100W element? Sure. Just have to use up the battery in 3 calculators to figure out which one you need.
I'll send you my solar powered calculator.
I don't know how to use it..
Who needs a calculator? P = E^2 / R. Assuming you're using a water heating element (or a good fan on a space heater) so R doesn't vary too much with temperature:
(70^2) / R = 100; (120^2)/R = rating. (E^2)/R = P
(70^2)/100 = R = (120^2)/rating multiply both sides by R, divide both
by W. Brings out R, so equate.
rating*(70^2) = 100*(120^2) Drop extra "R". Multiply both sides
by rating and desired power to bring
them above the division bar.
rating = 100 * (120^2) / (70^2) Divide both sides by (70^2) to get
"rating" to stand alone.
rating = 100 * (120 * 120) / (70 * 70) Expand squares.

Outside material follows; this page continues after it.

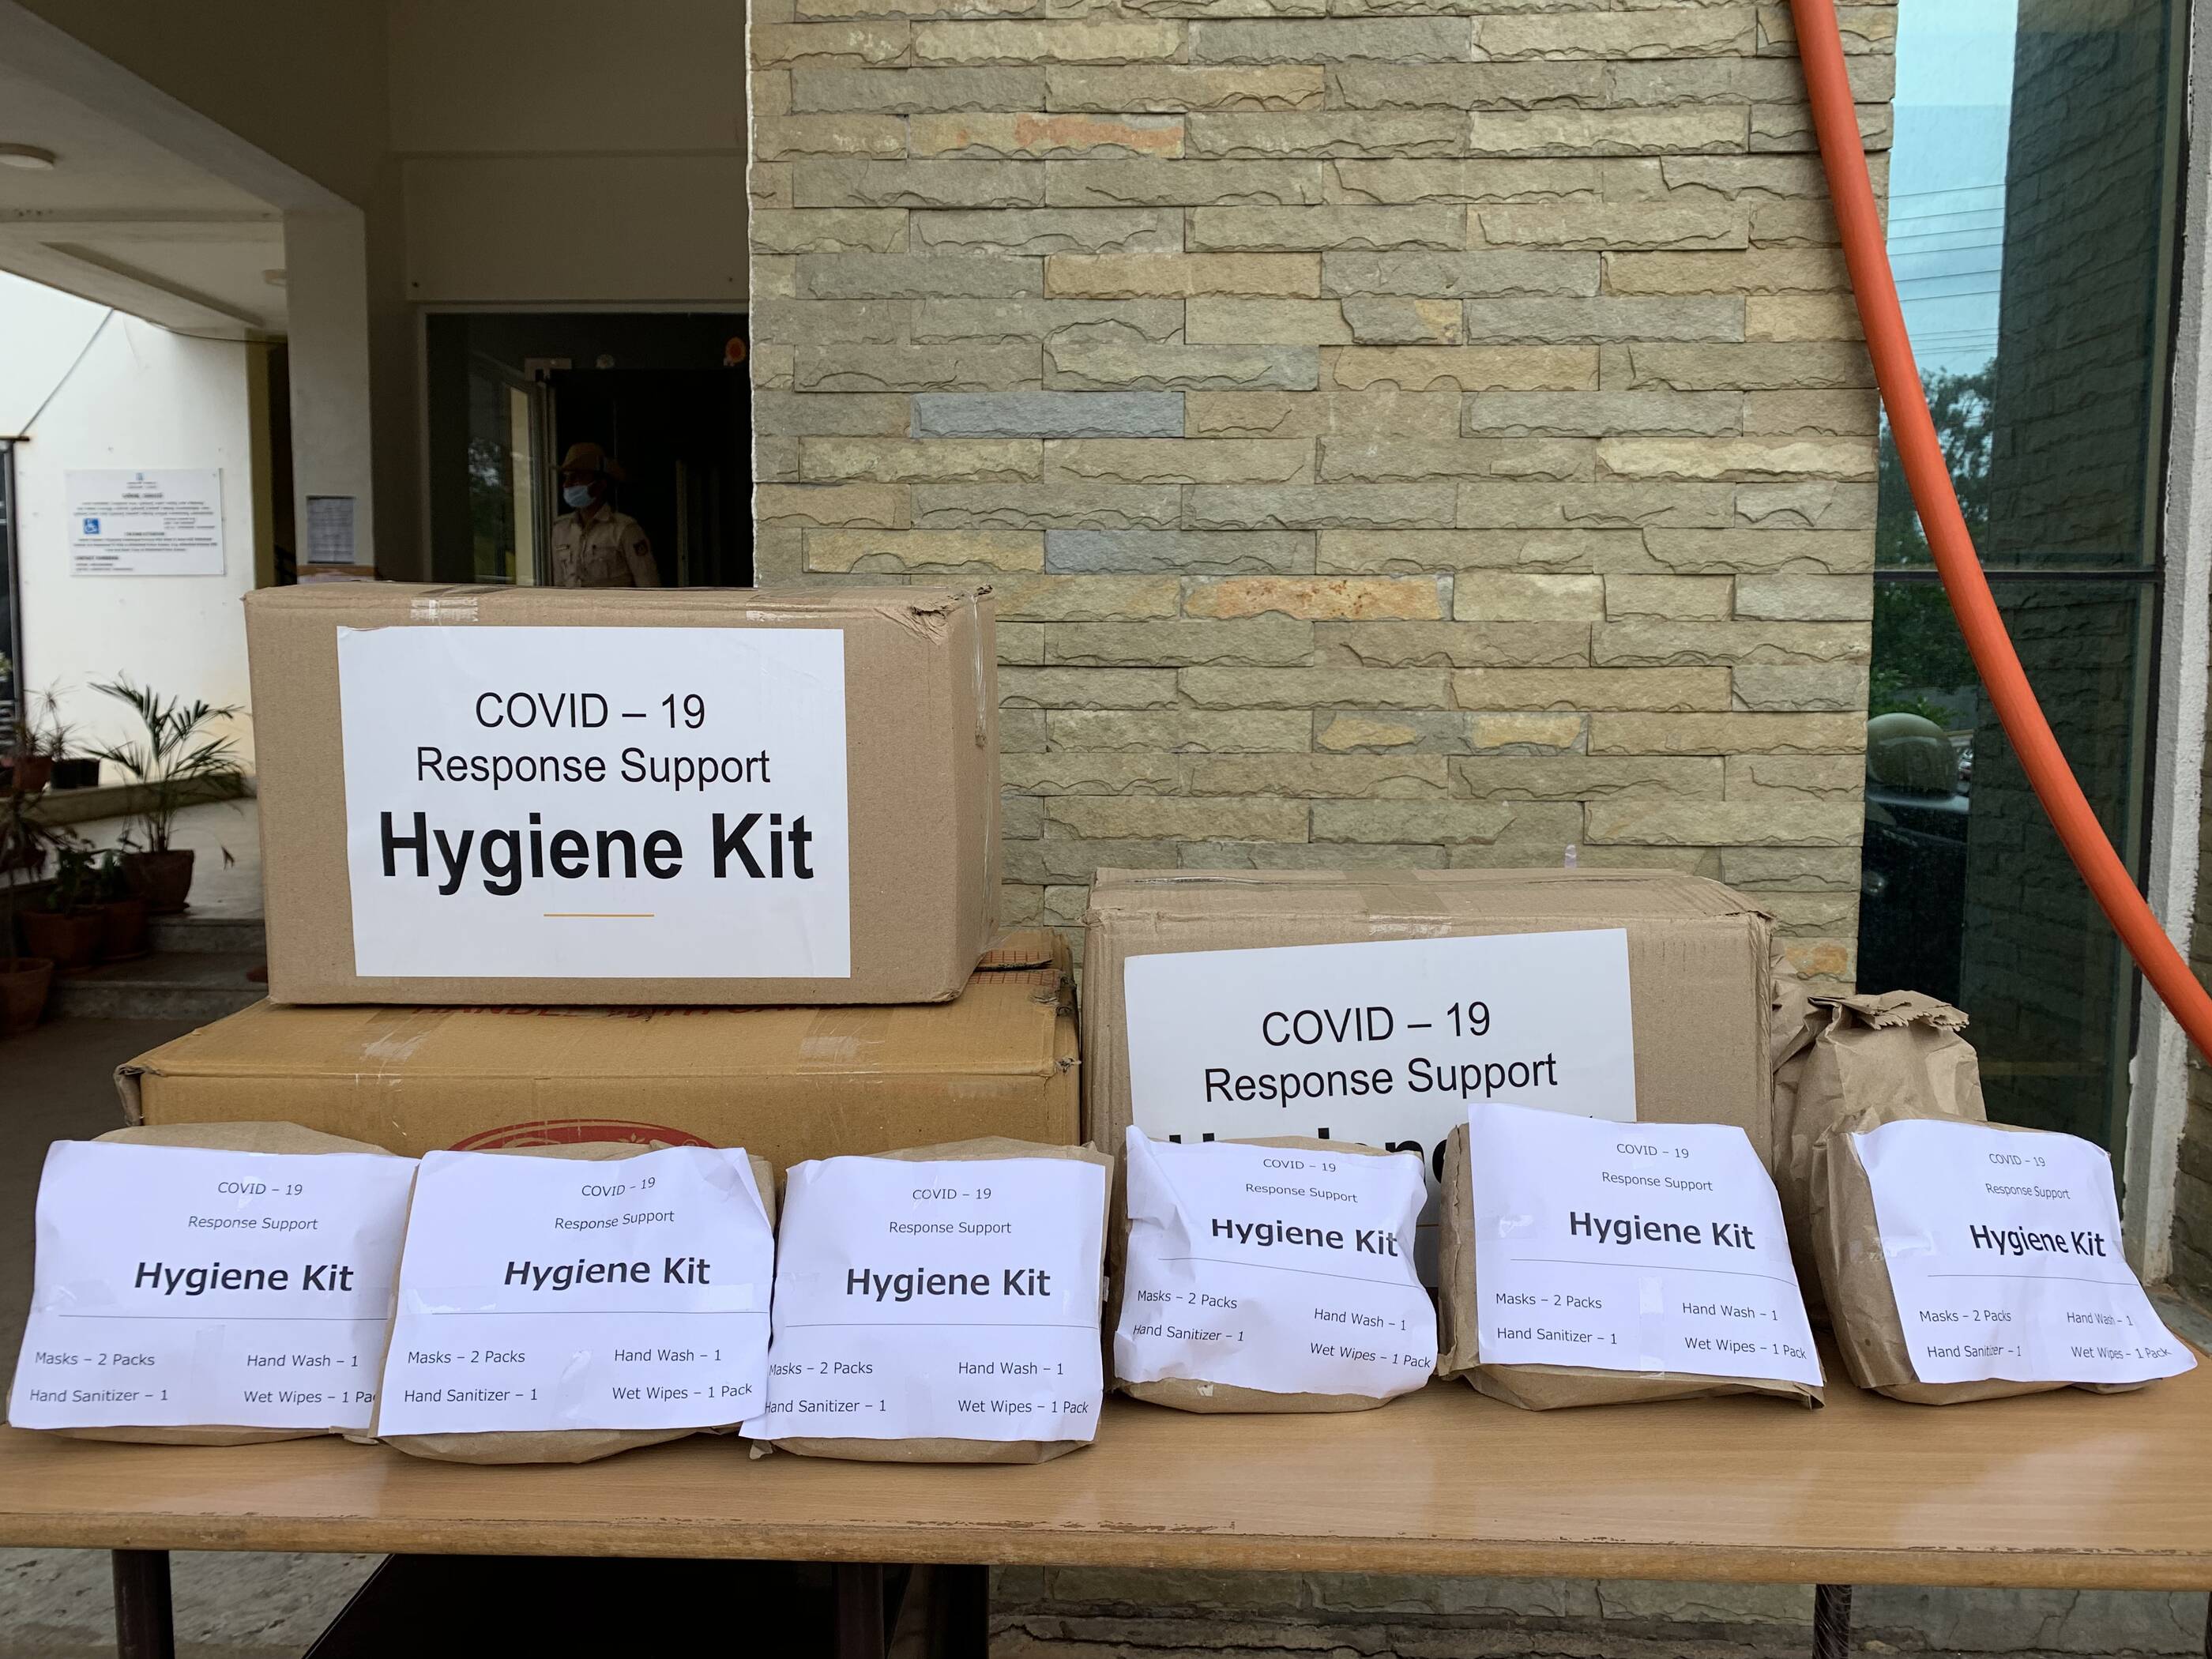 COVID-19 hygiene kits for distribution

rating = 100 * (12*12) / (7*7) Divide top and bottom of ratios
by 10 to get rid of extra zeros.
rating = 100 * 144/49 Do the multiplies for the squares.
rating = 100 * 288/98 Double top and bottom of ratio to
get the denominator close to a
round number.
rating ~ 100 * 294/100 Adjust top and bottom up by
about 2% to get to a round
number. (A calculator would have
gotten 293.8775510. To three
significant figures (i.e. more than
we really have) that's dead on.)
Cancel the 100s and you get 294, which is within 2% of 300.

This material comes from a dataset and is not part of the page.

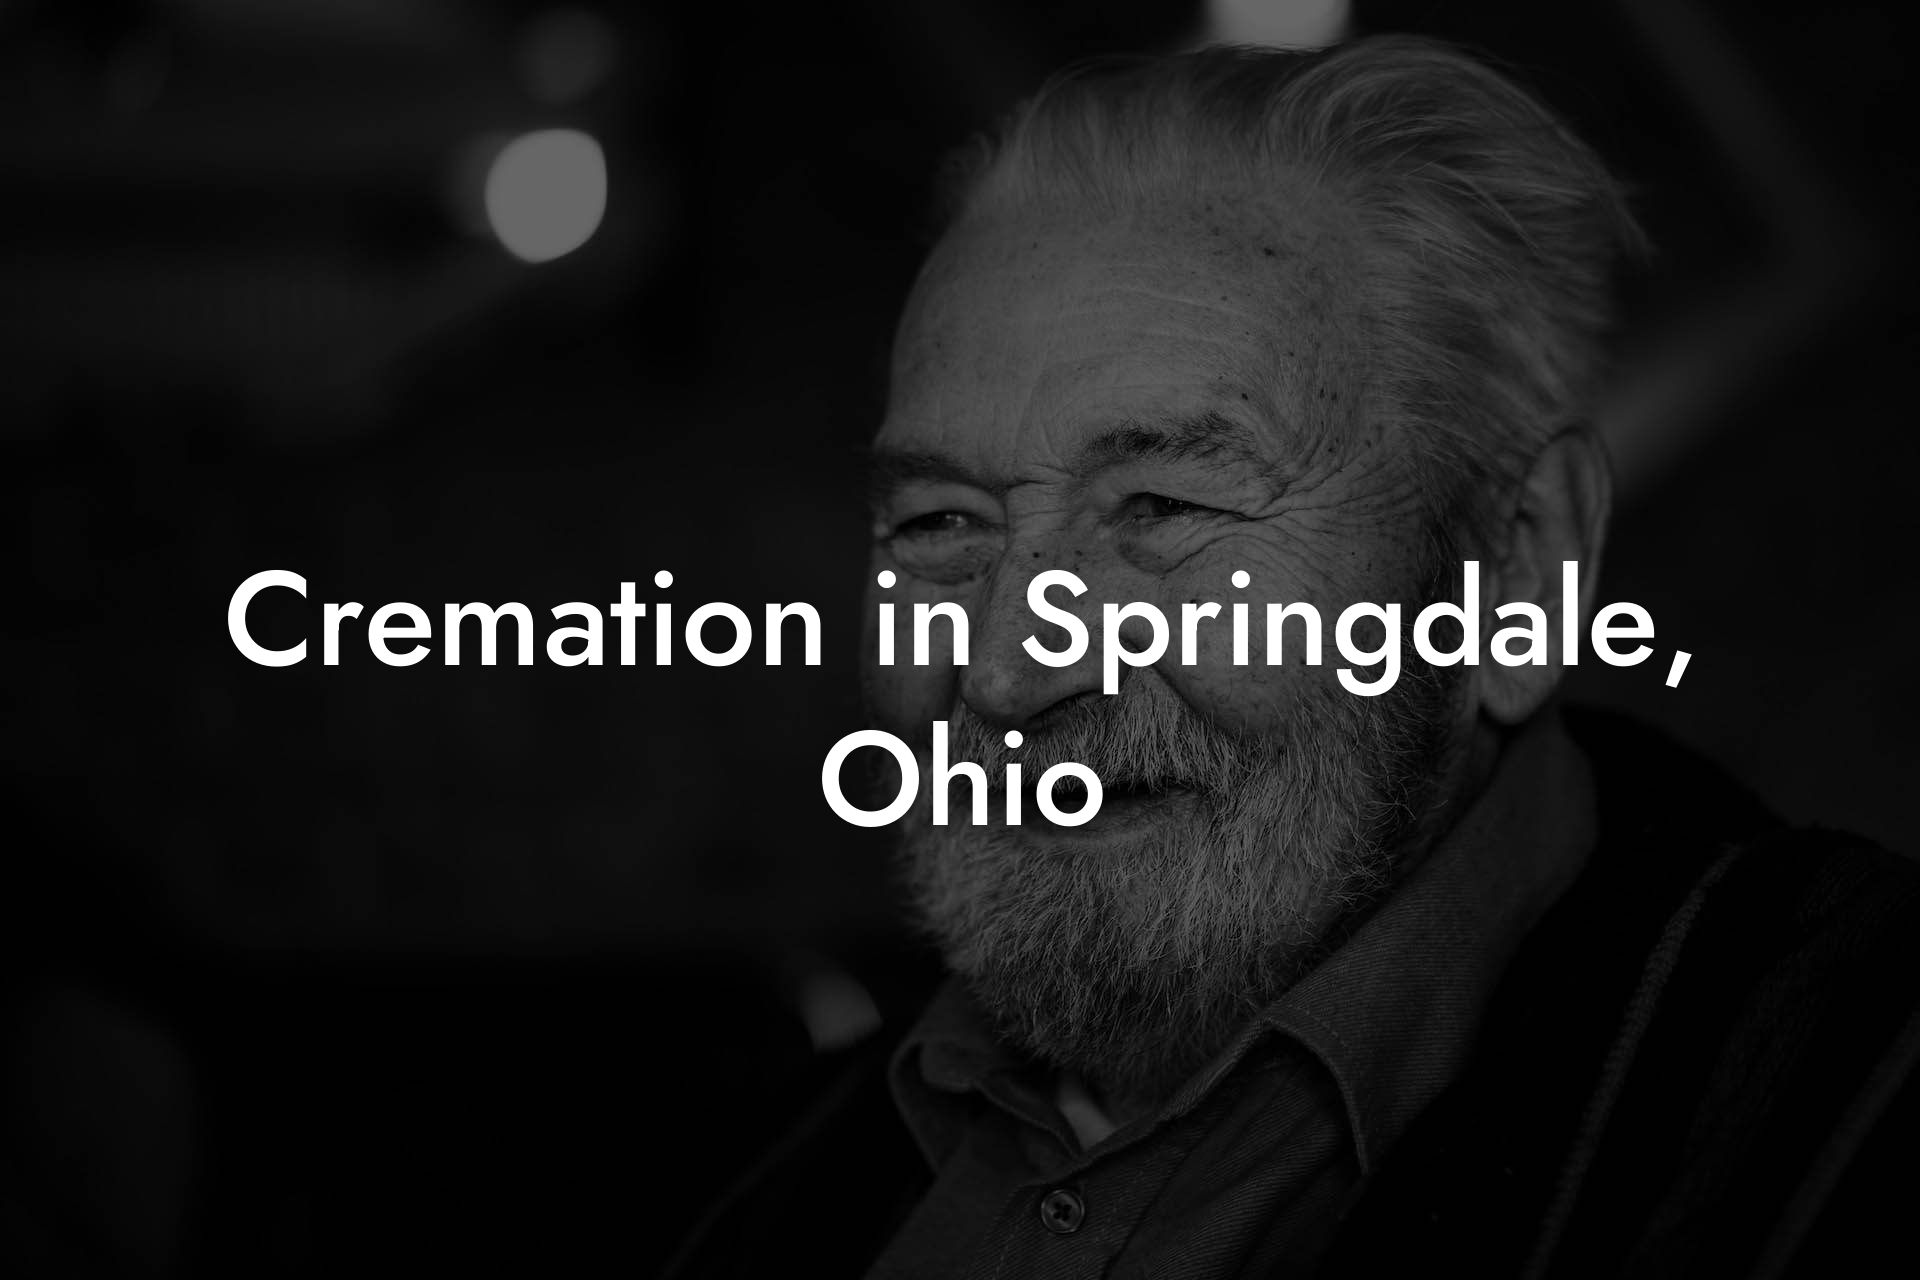 Cremation in Springdale, Ohio

300W isn't a typical value for heating stuff (though you could parallel three 100W devices). But 250 is, and it's only low by about 16%. If you're using something that heats up a lot (like a lamp or a hot-wire space heater element) it will be running cool and have a substantially lowered resistance, so a 250W nominal device might actually pull closer to your desired 100 watts than the 83 you'd expect from assuming the resistance is the same under a factor-of-three power drop.